Conceived and coordinated at the Bank for International Settlements (BIS) in Switzerland by the G10 central bank governors of that time, the dirty work of actual gold market intervention was done by the Pool’s agent, the Bank of England gold trading desk in London.

The syndicate, known as the London Gold Pool, was successful until it wasn’t, with the beginning of the end in early March 1968 as the huge run on gold became a tidal wave in the presence of sterling and US dollar weakness. On 10 March 1968, a Sunday, the consortium released a statement claiming that: “the London Gold Pool reaffirm their determination to support the pool at a fixed price of $35 per ounce”. At the same time, Fed chairman William McChesney Martin even vowed that the US would defend the Pool “to the last ingot”.

The Pool then continued to airlift hundreds of tonnes of gold bars from the US Treasury’s Fort Knox in Kentucky to RAF Mildenhall, as they had been doing since the previous November which they dumped into the London market for the rest of the week (March 11 -14).
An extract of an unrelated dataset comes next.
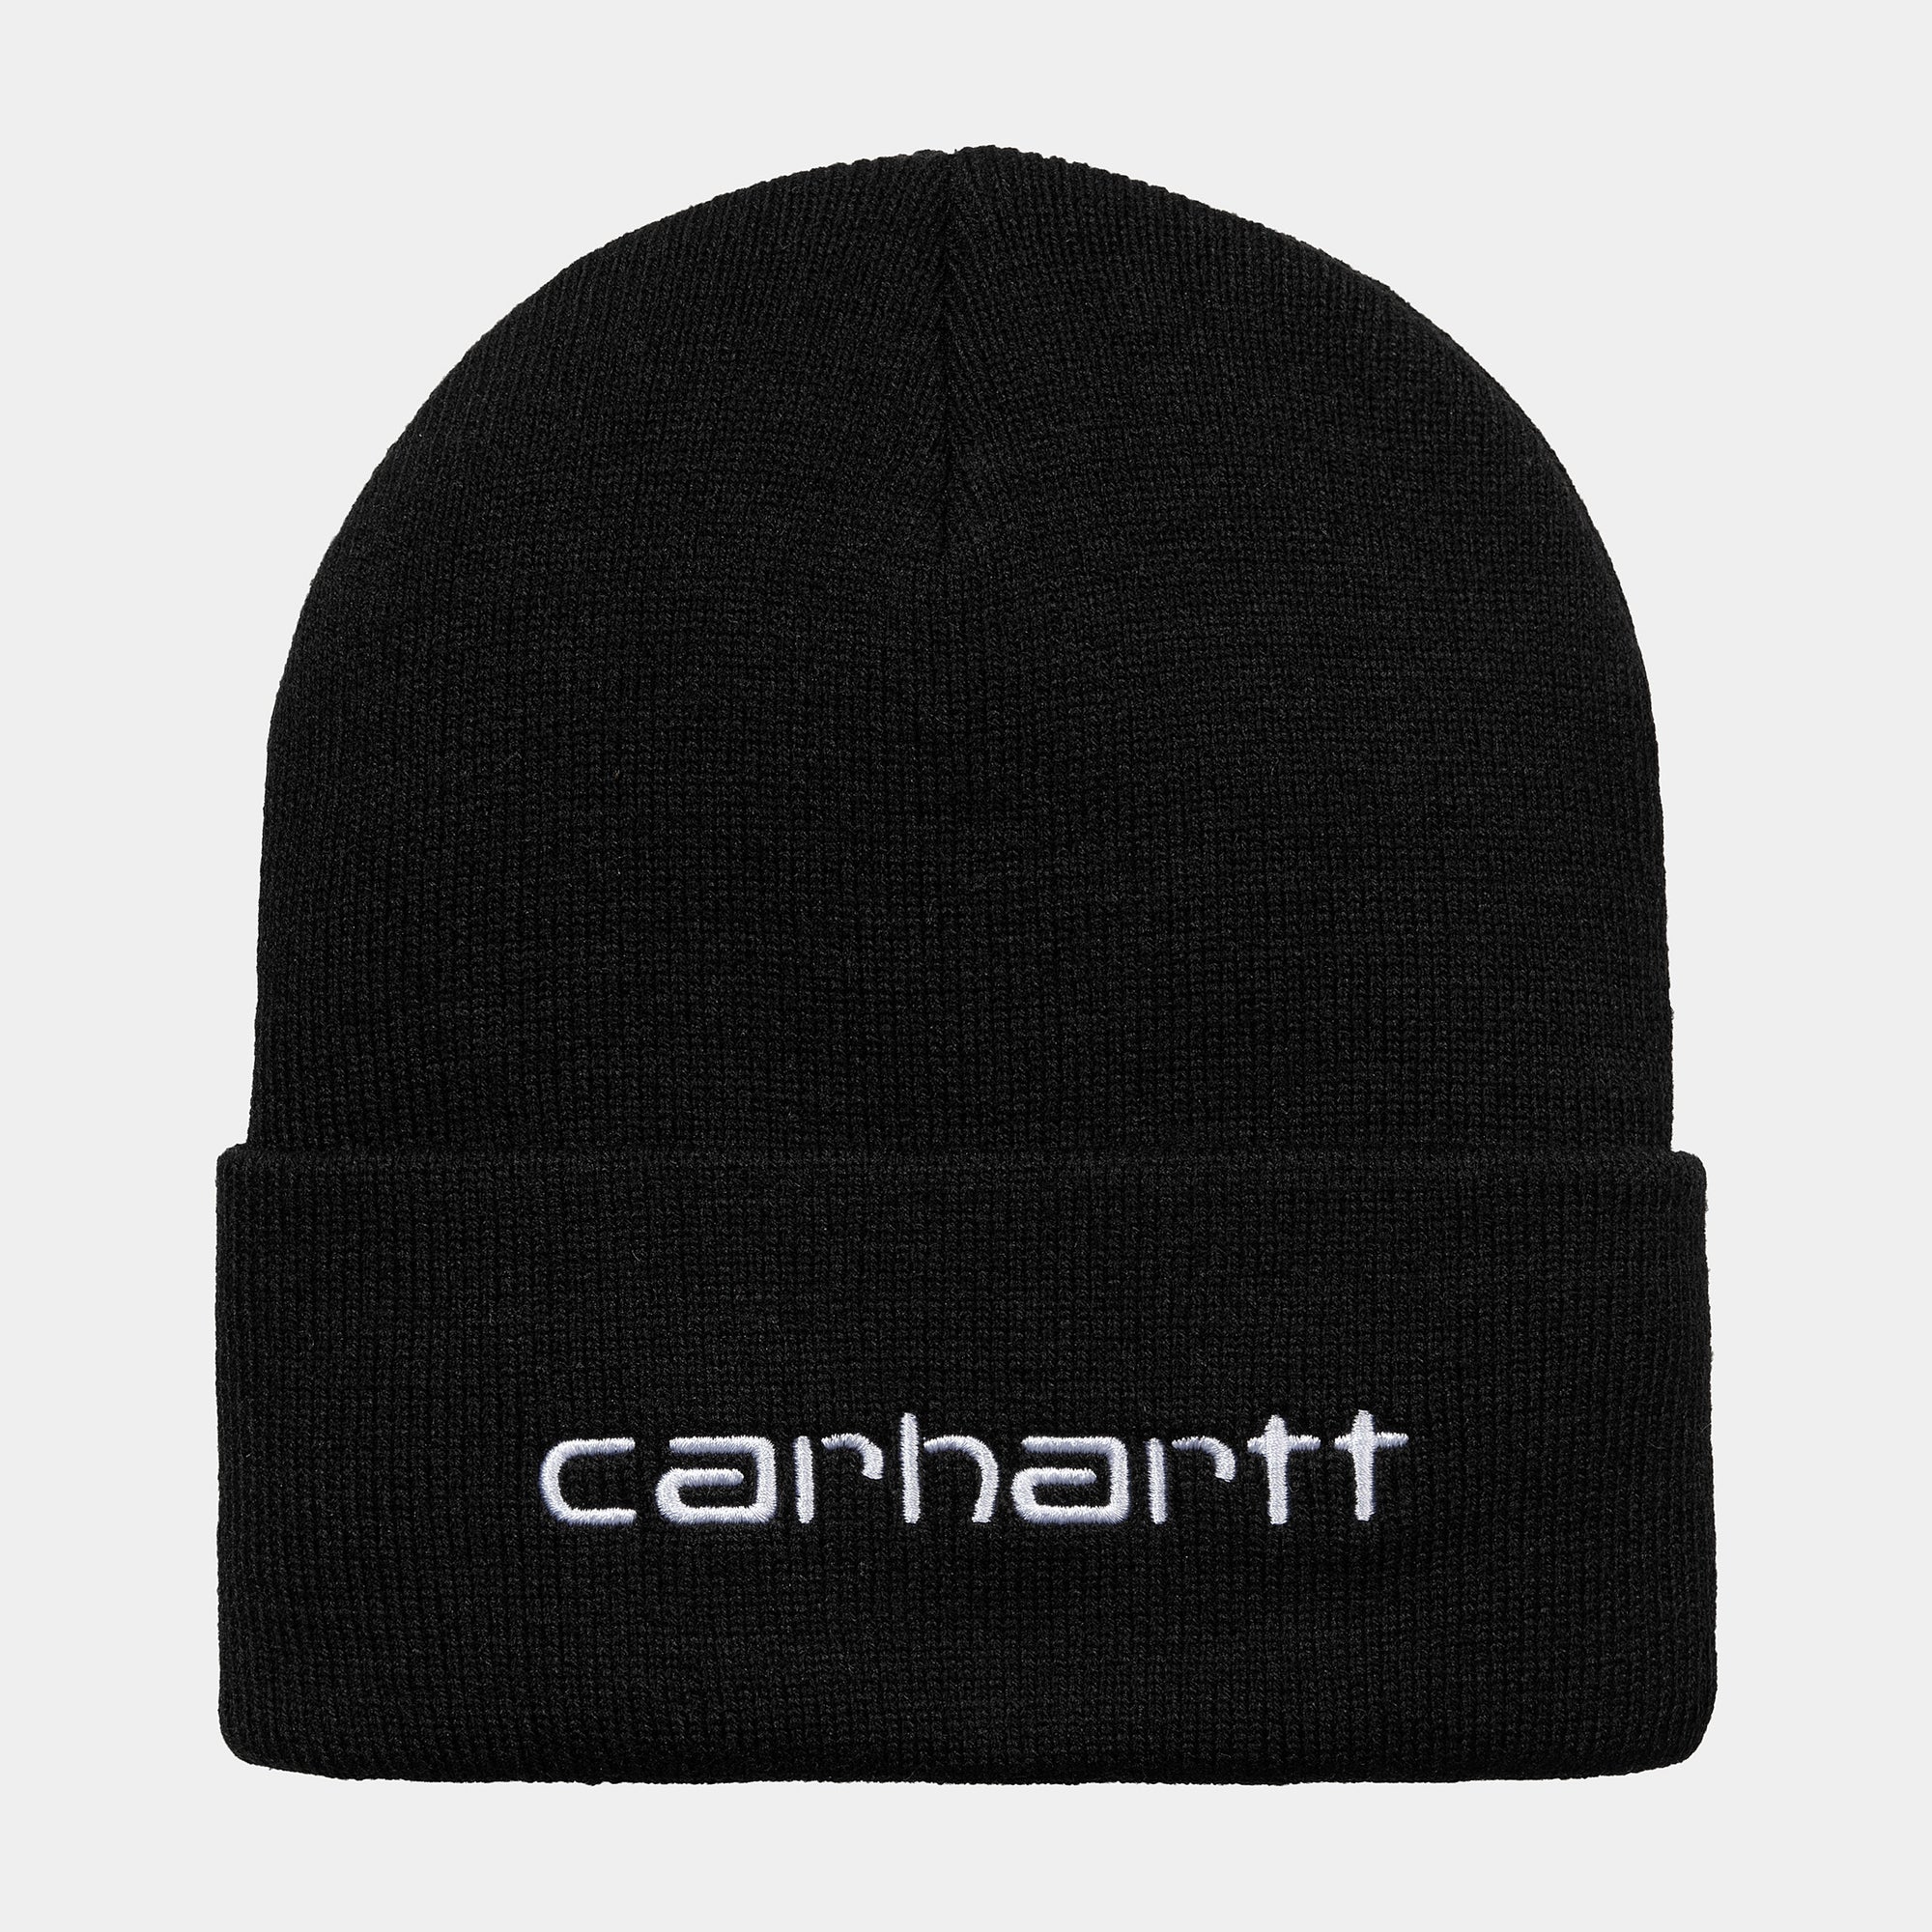 Carhartt cappellino a cuffia Script Beanie 1030884 0D2 black-white taglia unica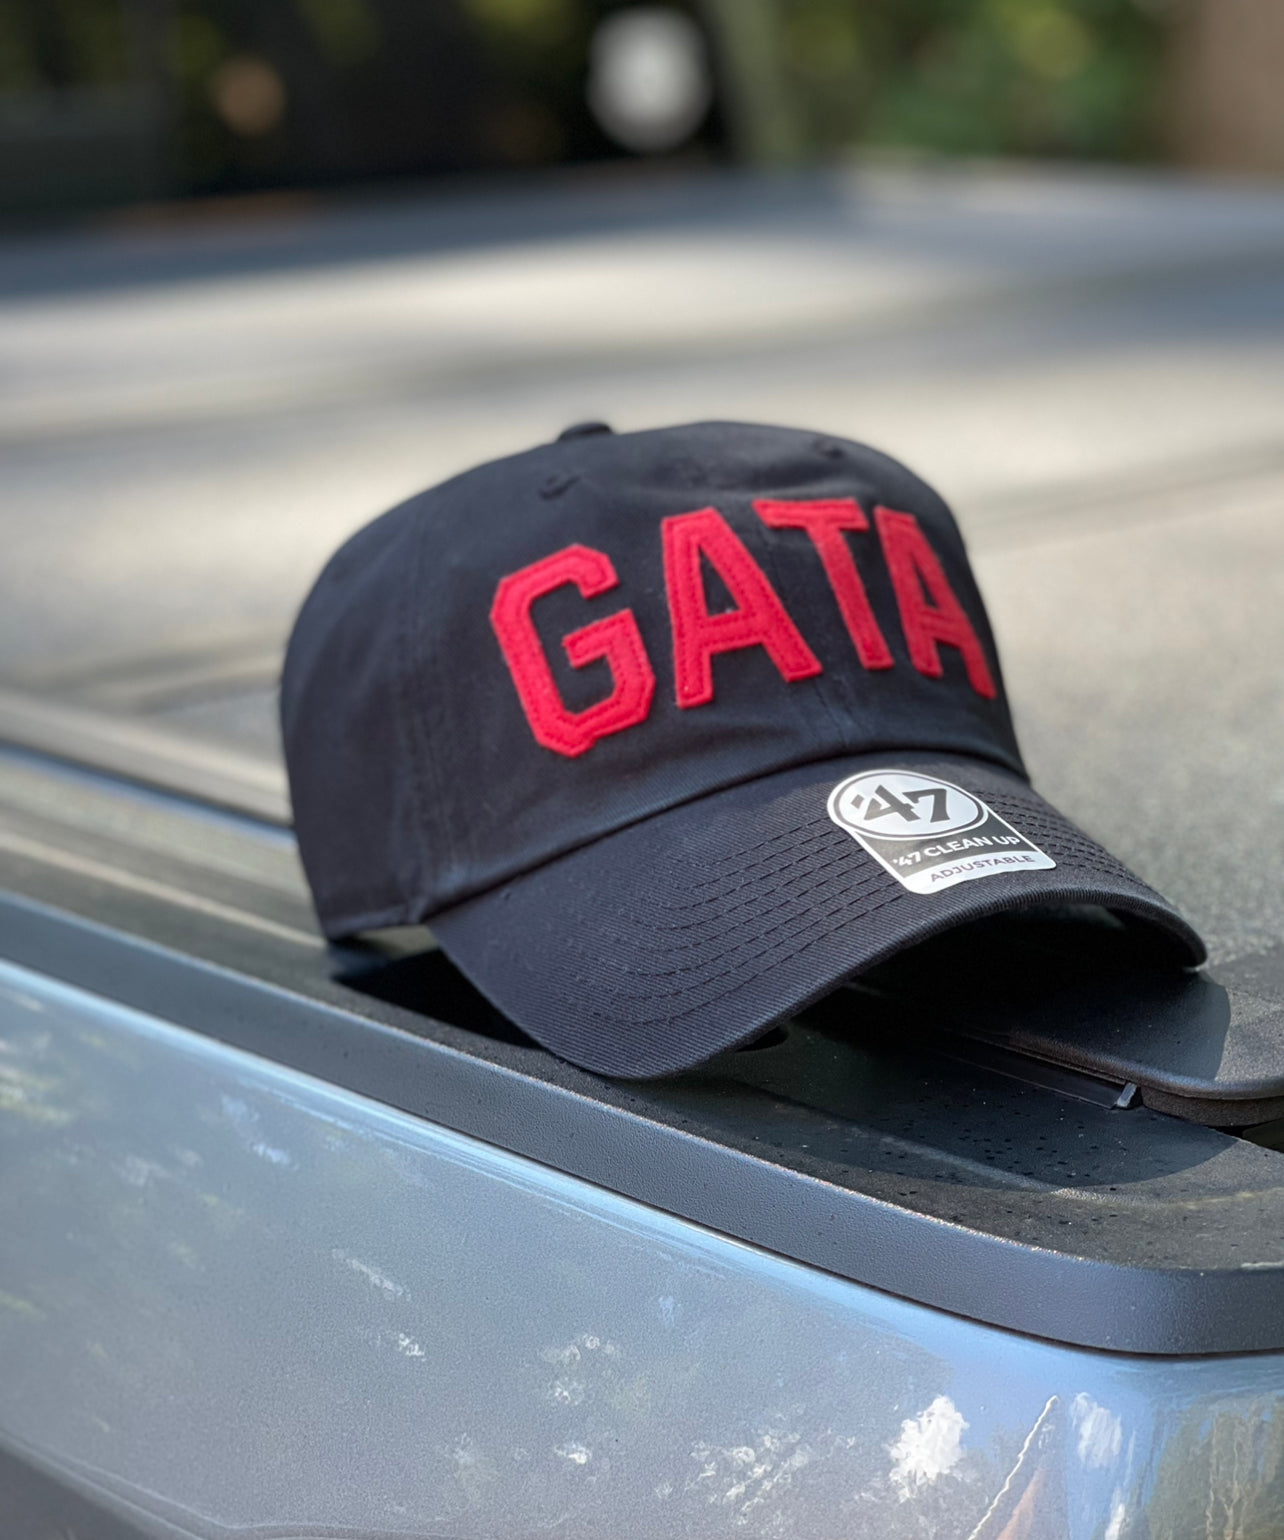 Georgia "GATA" 47' Brand Hat

With all the Good Delivery Gold from Fort Knox siphoned off to the market (the buyers of the gold were actually a consortium of European merchant banks), it was left to NM Rothschild to feign surprise and convince the Bank of England and NY fed to pull the plug, and the London Gold Pool collapsed on the evening of 14 March 1968, ushering in an era of free market gold prices.

The moral of that story and the lessons that we can learn are simple – don’t believe the pronouncements of the powers that be in the London and US gold markets, especially during a crisis. In March 1968, during the last days of the London Gold Pool, as the central bank cartel ship began to sink, theystodd steadfast in denials that anything was amiss, brazenly saying that “the London Gold Pool reaffirm their determination to support the pool."

This time around, with their hollow claims about “healthy stocks of gold in London and New York”, and that the “LBMA has offered its support to CME Group”, the names may have changed but the denial strategy remains the same. It therefore seems that while history doesn’t repeat itself, it still often rhymes.